Yurtbay: '3-5 gün içinde adaylarımızı belirleyeceğiz'
Saadet Partisi İl Başkanı Ünal Yurtbay, Merkez İlçe Başkanı Emin Titiz ve partililer, Bartın Hergün Gazetesi Yazı İşleri Müdürü Nihal Çınçın'a nezaket ziyaretinde bulundu. 24 Haziran erken seçim sürecinin de değerlendirildiği ziyarette Yurtbay, seçimin hızlı bir şekilde ülke gündemine oturduğunu ifade ederek birkaç gün içinde Saadet Partisi olarak adaylarını belirleyeceklerini ve kamuoyuna açıklayacaklarını söyledi.

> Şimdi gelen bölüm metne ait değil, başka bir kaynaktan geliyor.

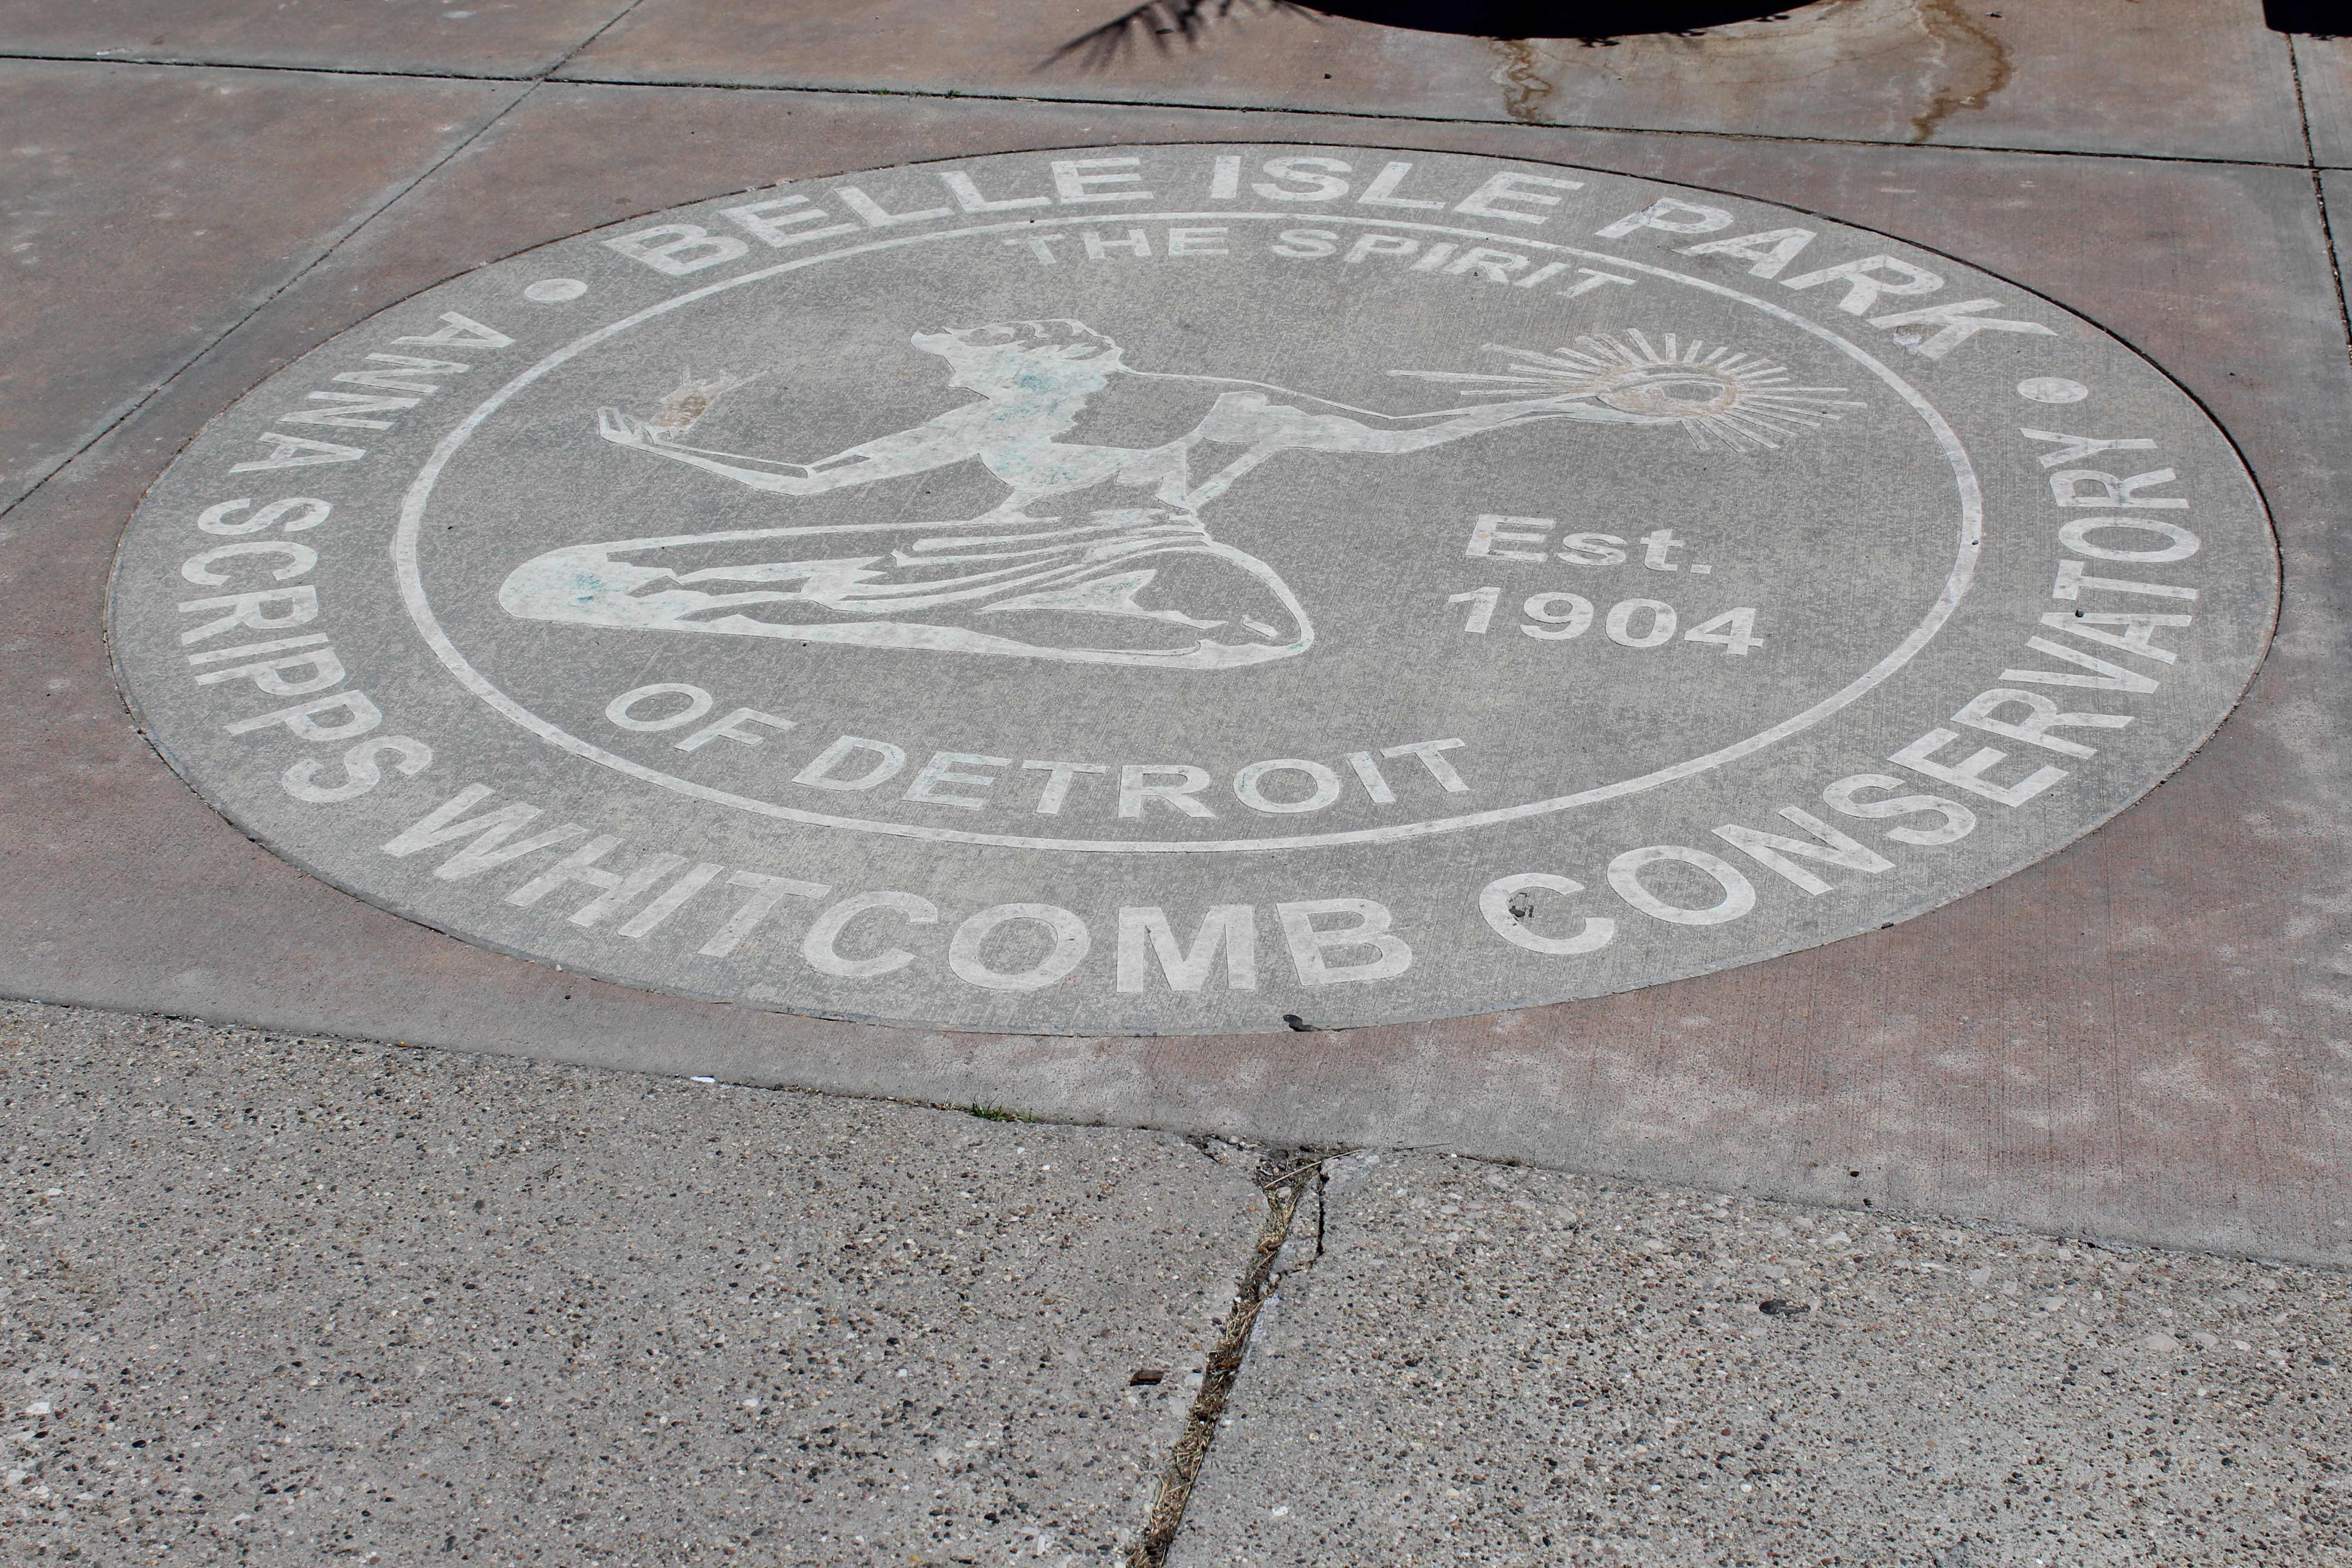 Engraving of historical marker in the cement on the ground at the entrance for Belle Isle Conservatory, founded in 1904.
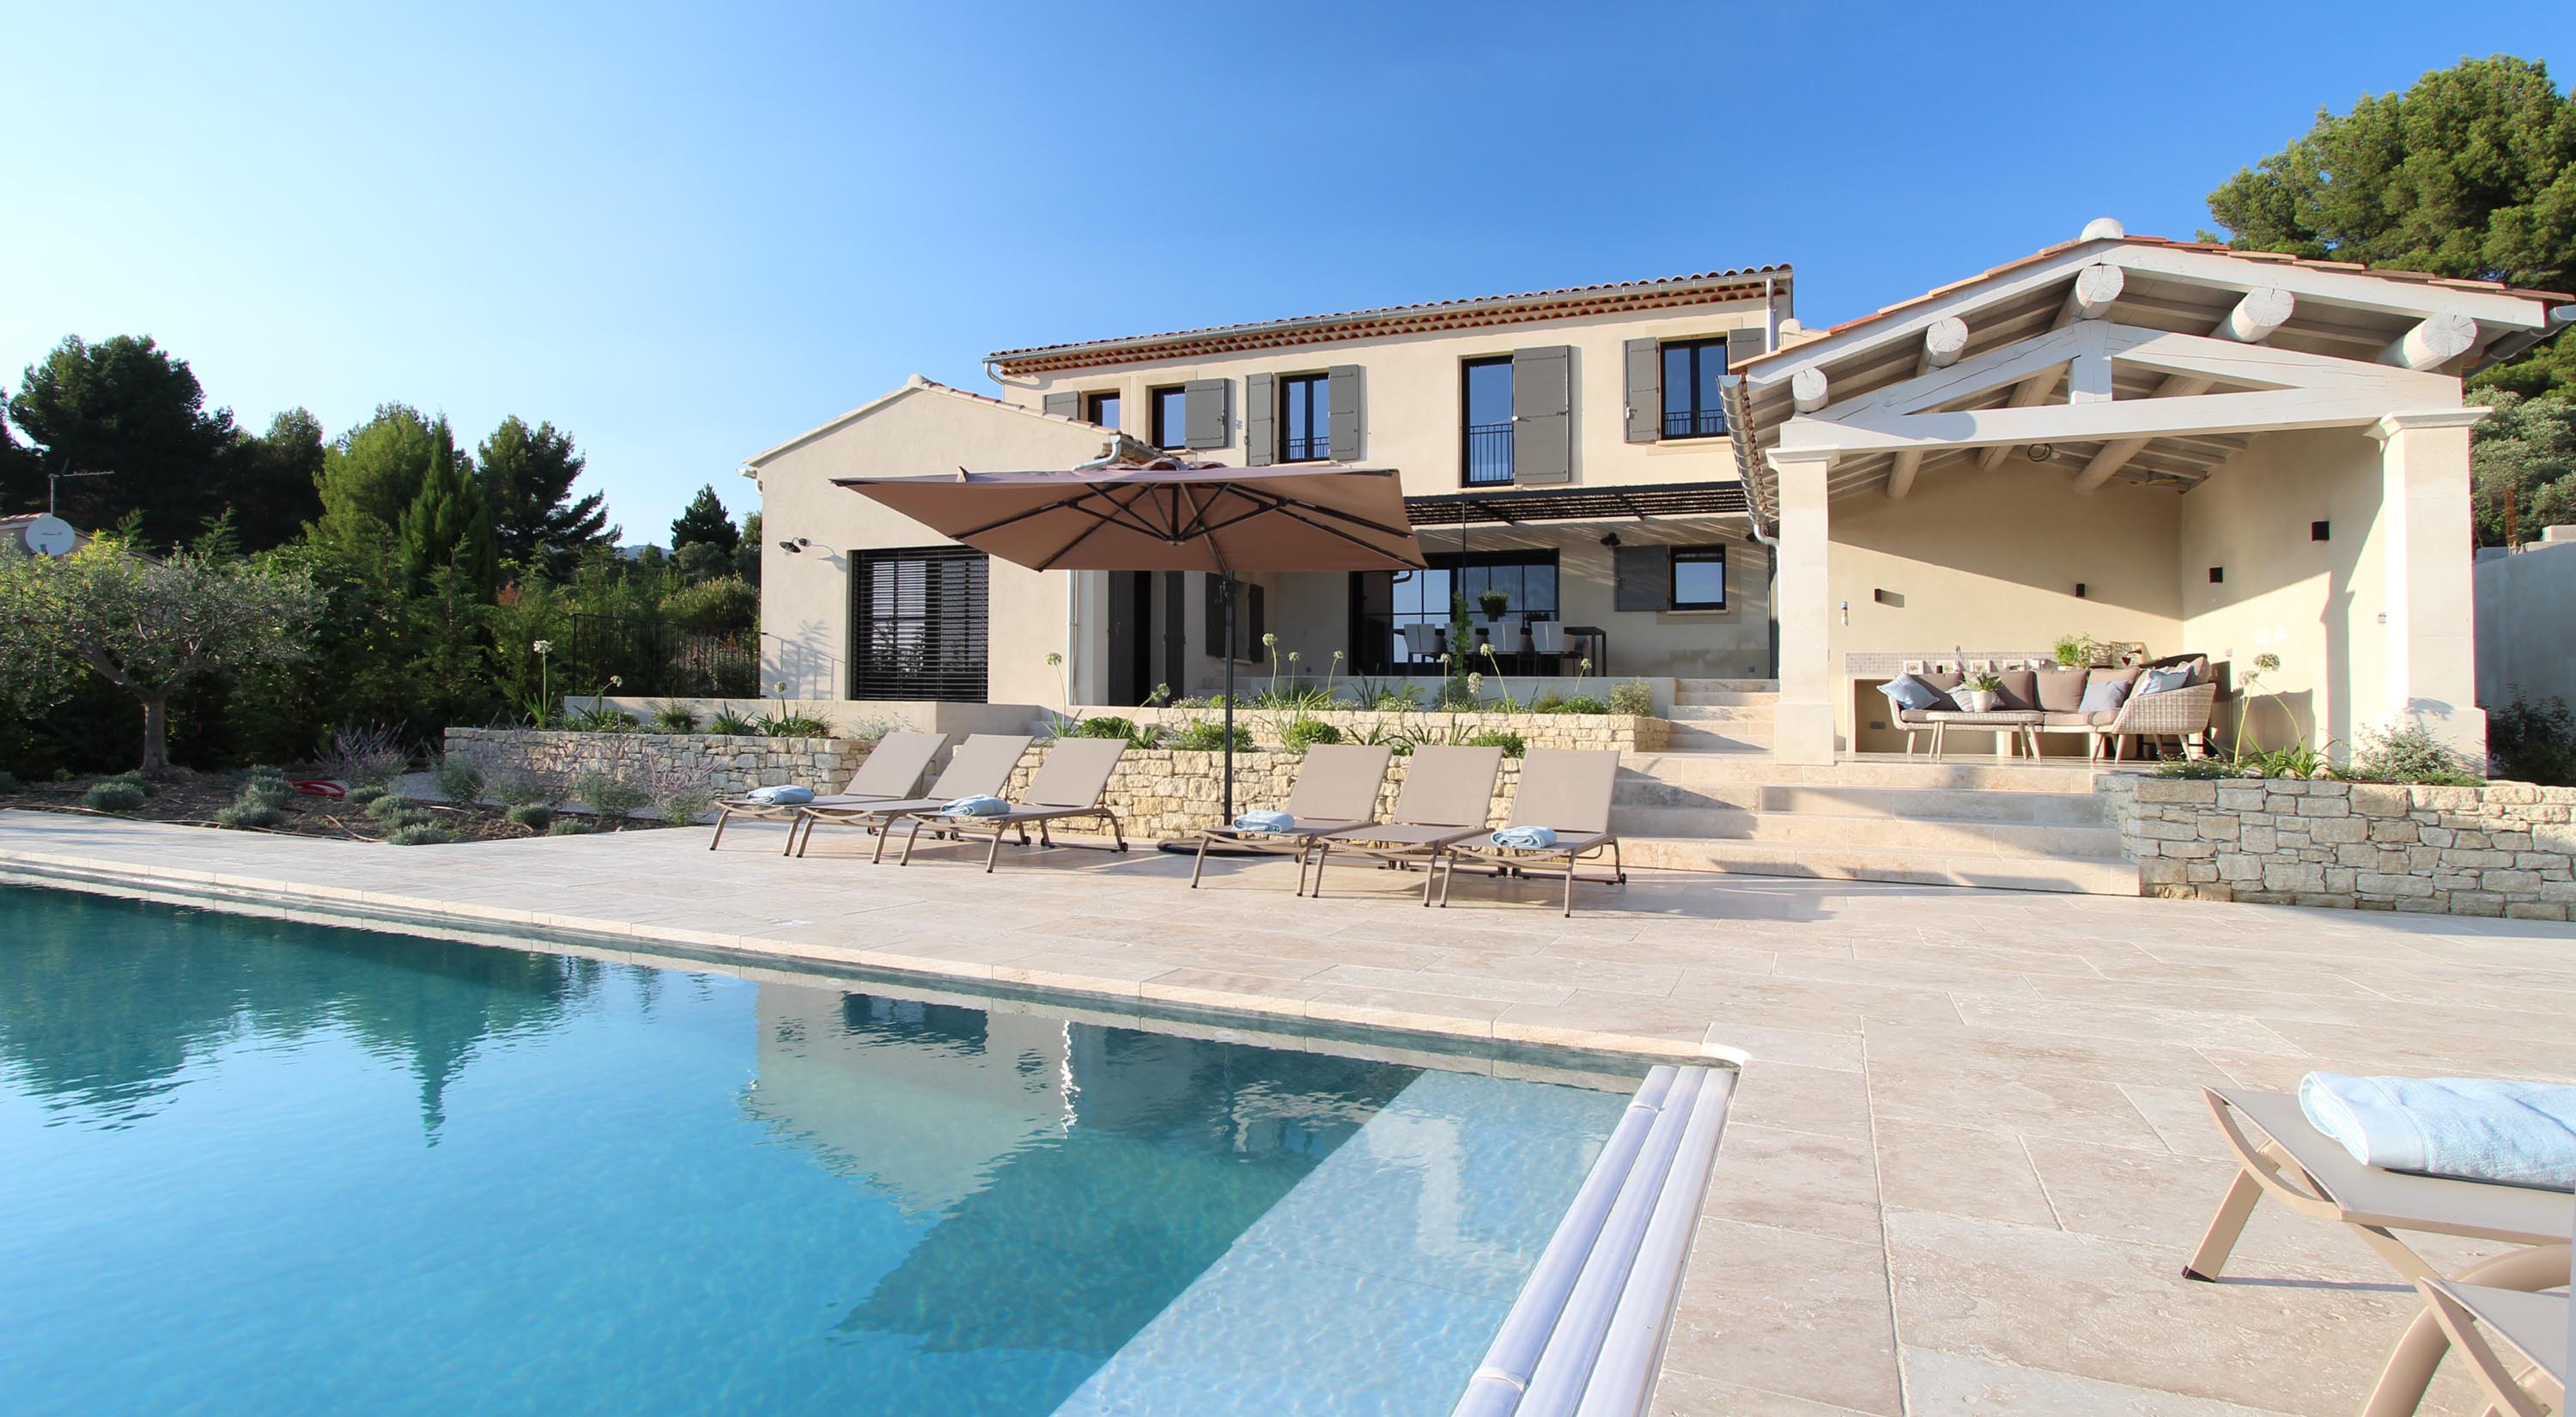 Luxury rental holiday villa in Provence

Saadet Partisi İl Başkanı Ünal Yurtbay, Merkez İlçe Başkanı Emin Titiz ve partililer, Bartın Hergün Gazetesi Yazı İşleri Müdürü Nihal Çınçın'a nezaket ziyaretinde bulundu. Sohbet havasında geçen ziyarette Yurtbay 24 Haziran erken seçim süreciyle ilgili de değerlendirmeler de bulundu. seçimin hızlı bir şekilde ülke gündemine oturduğunu ifade eden Yurtbay, “Seçim hızlı bir şekilde ülkemizin gündemine oturdu. Bizlerde Saadet Partisi olarak bizler bu süreçte kavga politikası üretmek yerine insanların ülkemizin bu ekonomik sıkıntılardan nasıl kurtarılacağını anlatılmasını istiyoruz. Ülke 15- 16 yıldır kavga siyasetiyle idare ediliyor. Daha önceki seçimlerde de hep bunları anlattık. Şuanda da Mecliste kavgadan başka hiçbir şey yok. En yukarıdaki makamlarda yaşanan kavgaların halka, seçmene dahi yansıdığını görüyoruz. Bugün sosyal medyadaki paylaşımlarımızın altına yapılan yorumların dahi ne ahlaki ne de etik olduğunu söylemek mümkün. İnsanlar tabi ki hedeflerini veya projelerini anlatacak. Ama yapılan yorumlara benim aklım almıyor” dedi.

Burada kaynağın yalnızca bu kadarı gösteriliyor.